Only 37% of the articles (46 of 124) clearly reported whether the results of the reference standard and clinical information about the study population were given to the readers of the index test (item 11a). In most articles (62%, 77 of 124), information regarding the revelation of clinical information about the study population to the readers of the index test was lacking. If it was reported clearly that the index test was performed before the reference test, we assume that the readers of the index test had been blinded to the results of the reference test. Information regarding the revelation of the results of the index test, other tests, or clinical information about the study population to the readers of the reference standard was reported in only 18% of the articles (23 of 124) (item 11b).

The methods for calculating measures of diagnostic accuracy, such as sensitivity, specificity, likelihood ratios, diagnostic odds ratios, and receiver operating characteristic curves, were reported in 65% of the articles (81 of 124). Only 14% of the articles (17 of 124) adequately reported the statistical methods used to calculate measures of diagnostic accuracy, particularly with regard to the quantification of estimates of the diagnostic accuracy (eg, 95% confidence limits, item 12). Methods used to study the reproducibility of the index test and the reference standard were reported poorly, by only 16% (20 of 124) and 5% (six of 124) of the articles, respectively (item 13).
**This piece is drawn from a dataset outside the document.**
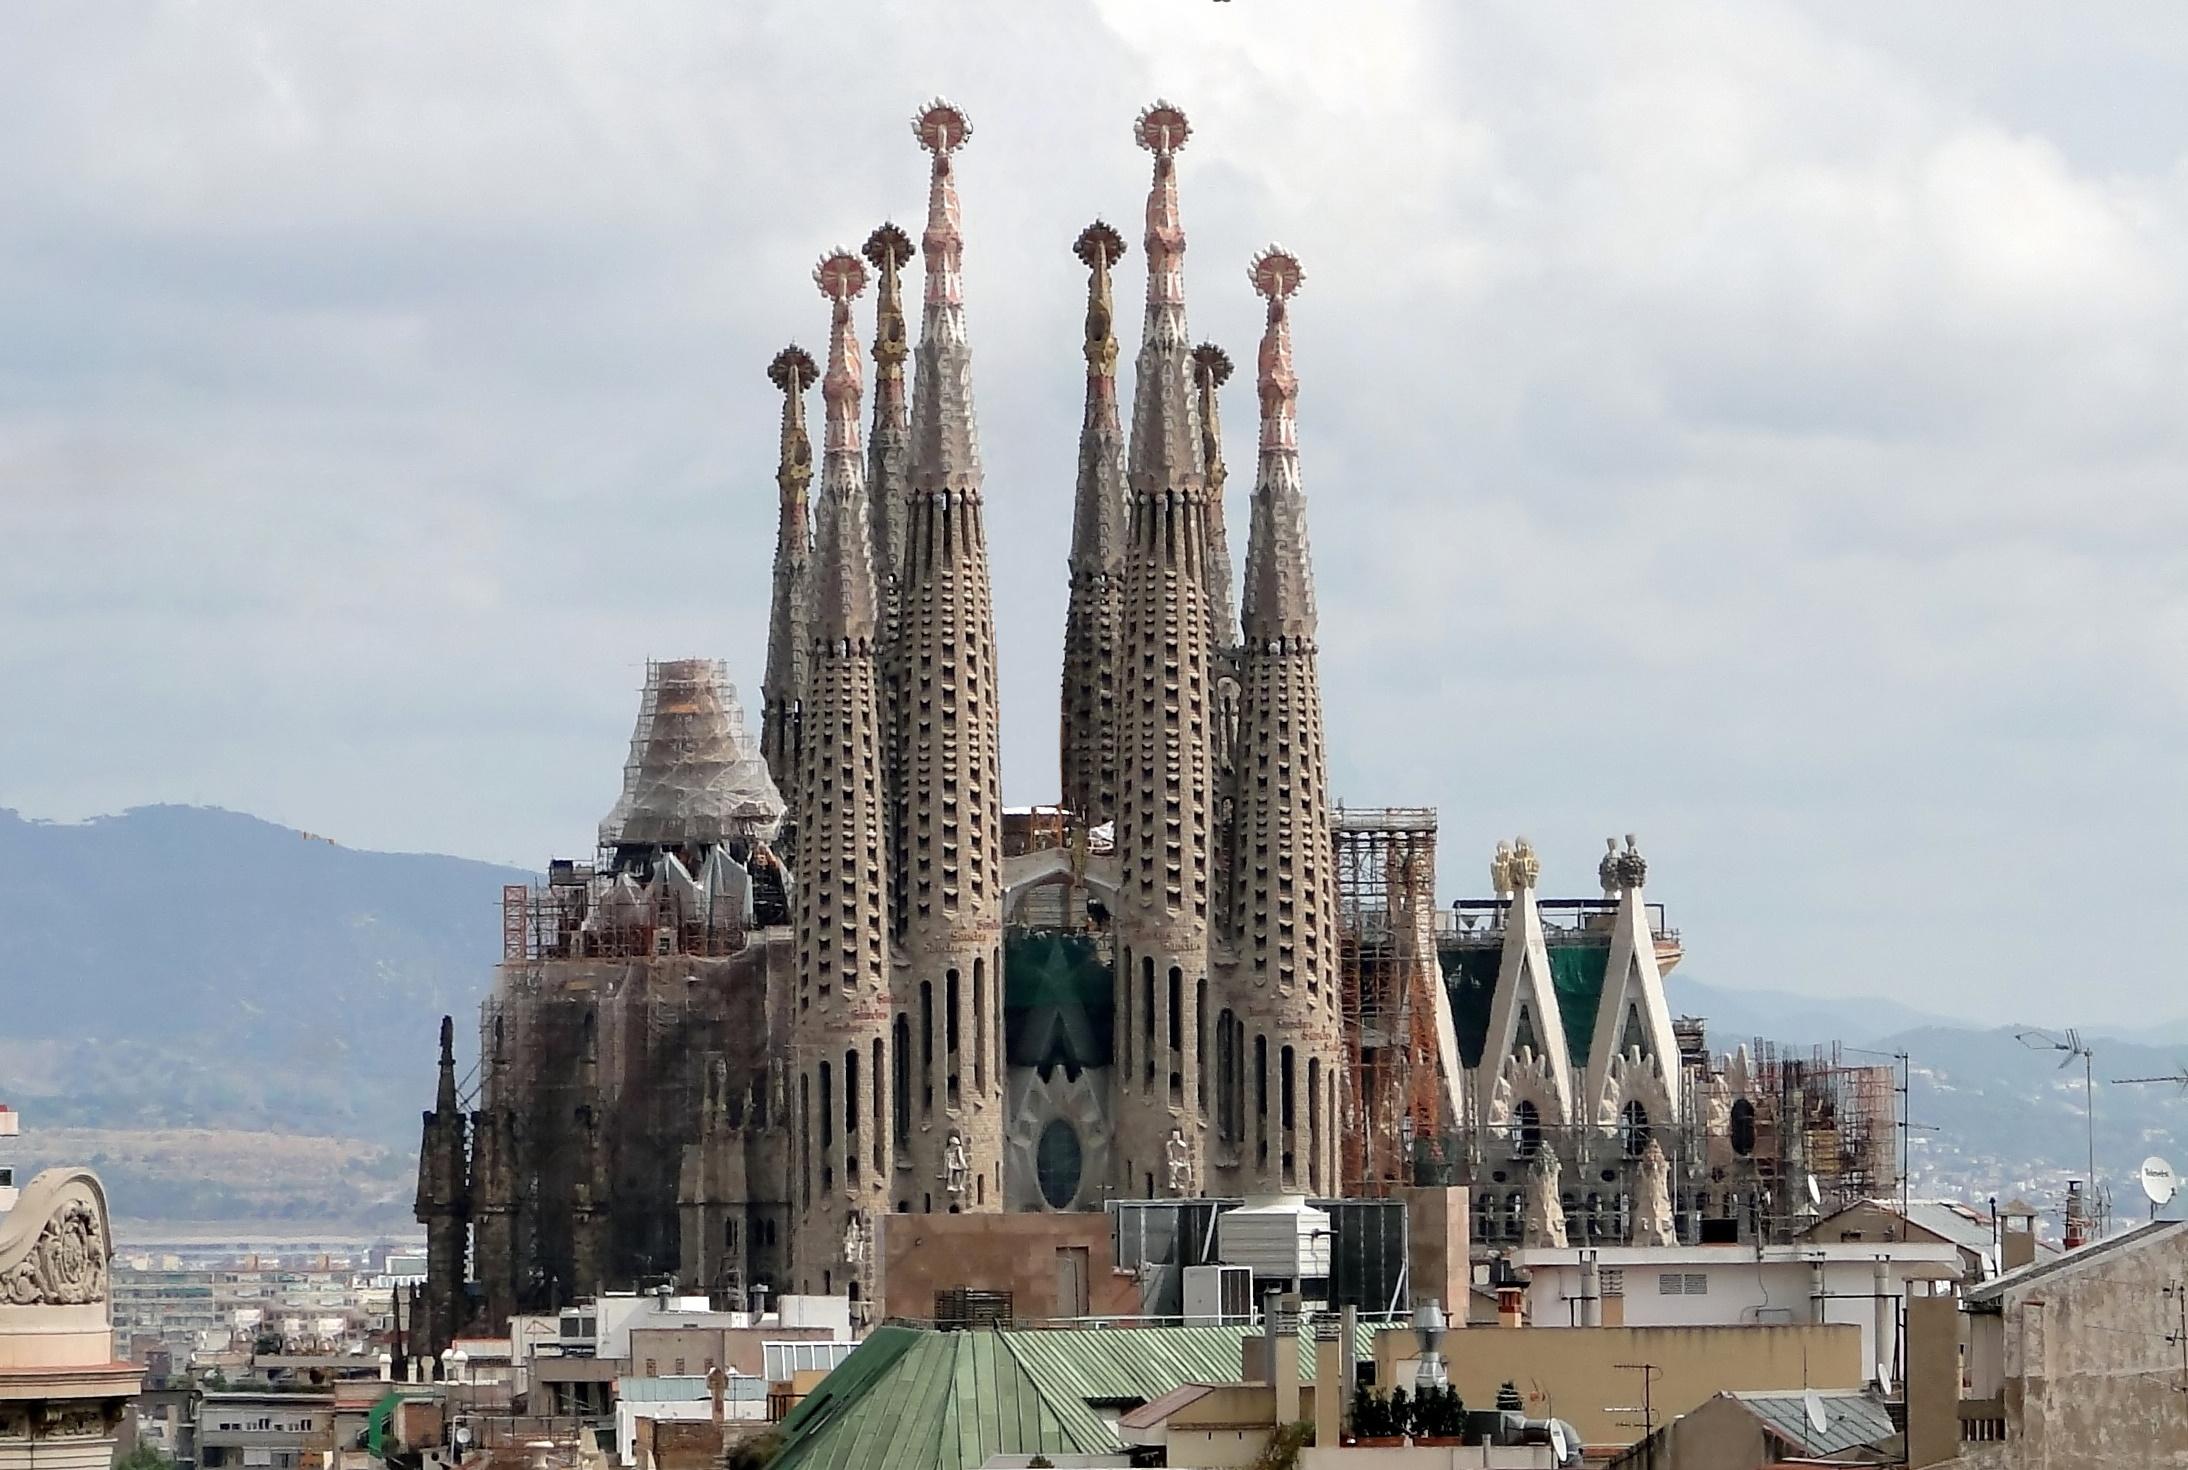 La Sagrada Familia II - Gaudi - Barcelona
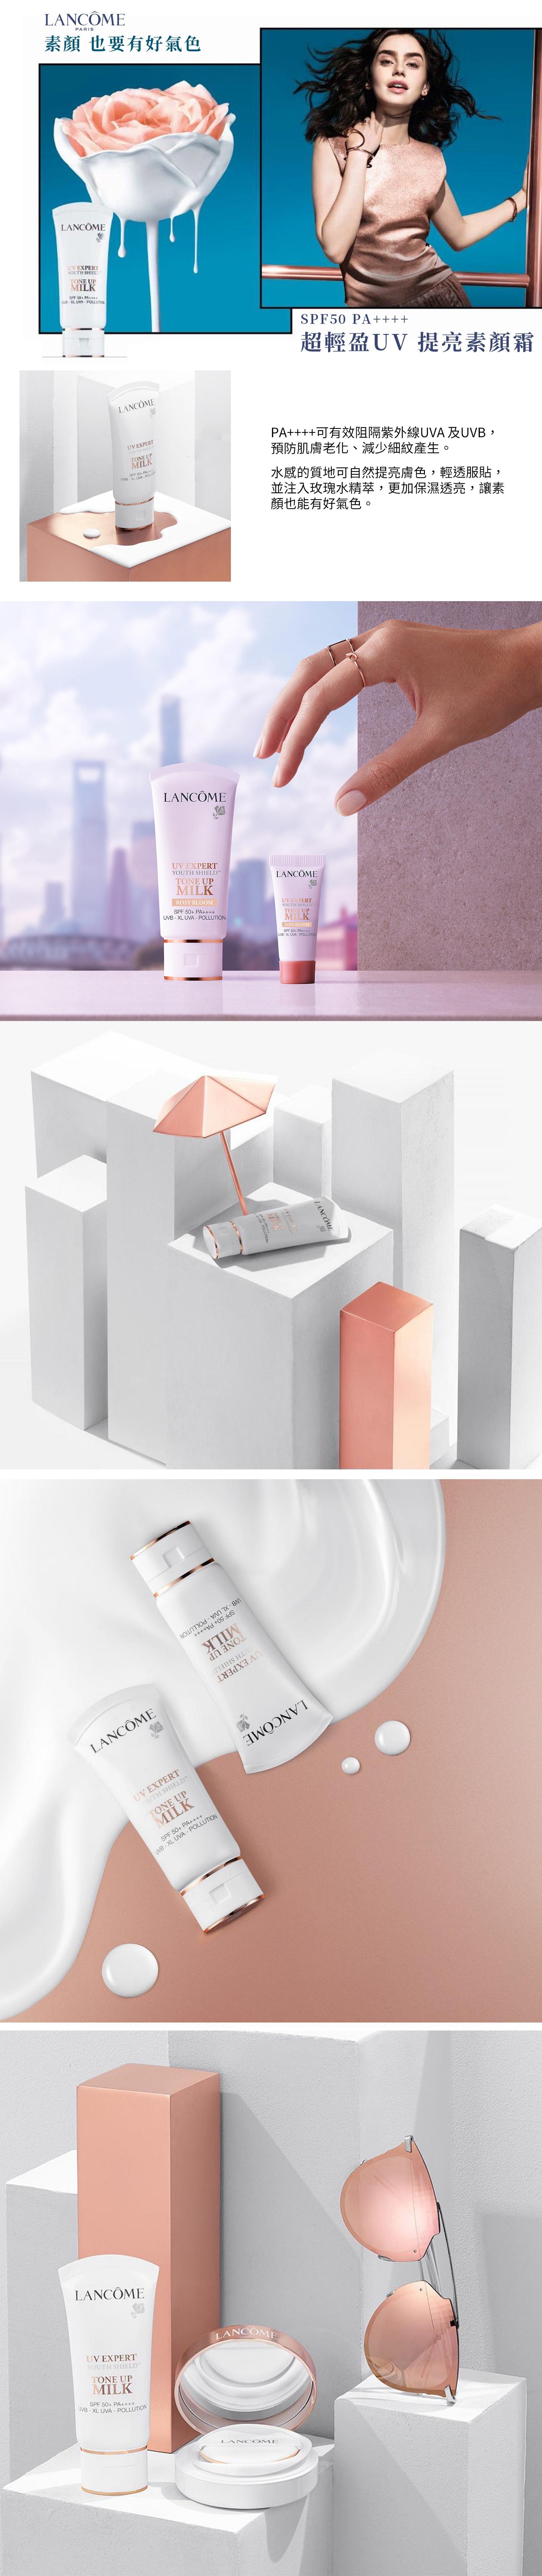 蘭蔻 Lancome 超輕盈UV 提亮素顏霜 SPF50+ PA++++ 30ml 公司貨 高防曬 清爽不黏膩

Six articles (5%) referred to previous research on the reproducibility of the test(s).

Results (items 14–24).—Clinical and demographic characteristics, such as age and sex of the study population and the spectrum of the symptoms at presentation, were reported clearly in 52% of the articles (65 of 124, item 15). Less frequently reported clinical characteristics were co-morbidity (20 of 124, 16%) and current treatments (33 of 124, 27%).

Eighty-three percent of the articles (103 of 124) reported the number of participants who met the inclusion criteria and those who did or did not undergo the index test and reference standard. Seventy-five (60%) articles explained why participants failed to undergo one or more of the tests (item 16). In 43 of the 75 articles, however, none of the participants failed to undergo the index test or reference standard. A flow diagram, describing the design of the study and the number of participants, was presented in only two articles (2%).

Information about the time interval between the index test and the reference standard and about the treatment administered between the tests was given in 33 (27%) articles (item 17). Twenty-two of these 33 articles did not report on the treatment between the tests, but the time interval between the tests was so small that treatment could not have affected the results of the second test.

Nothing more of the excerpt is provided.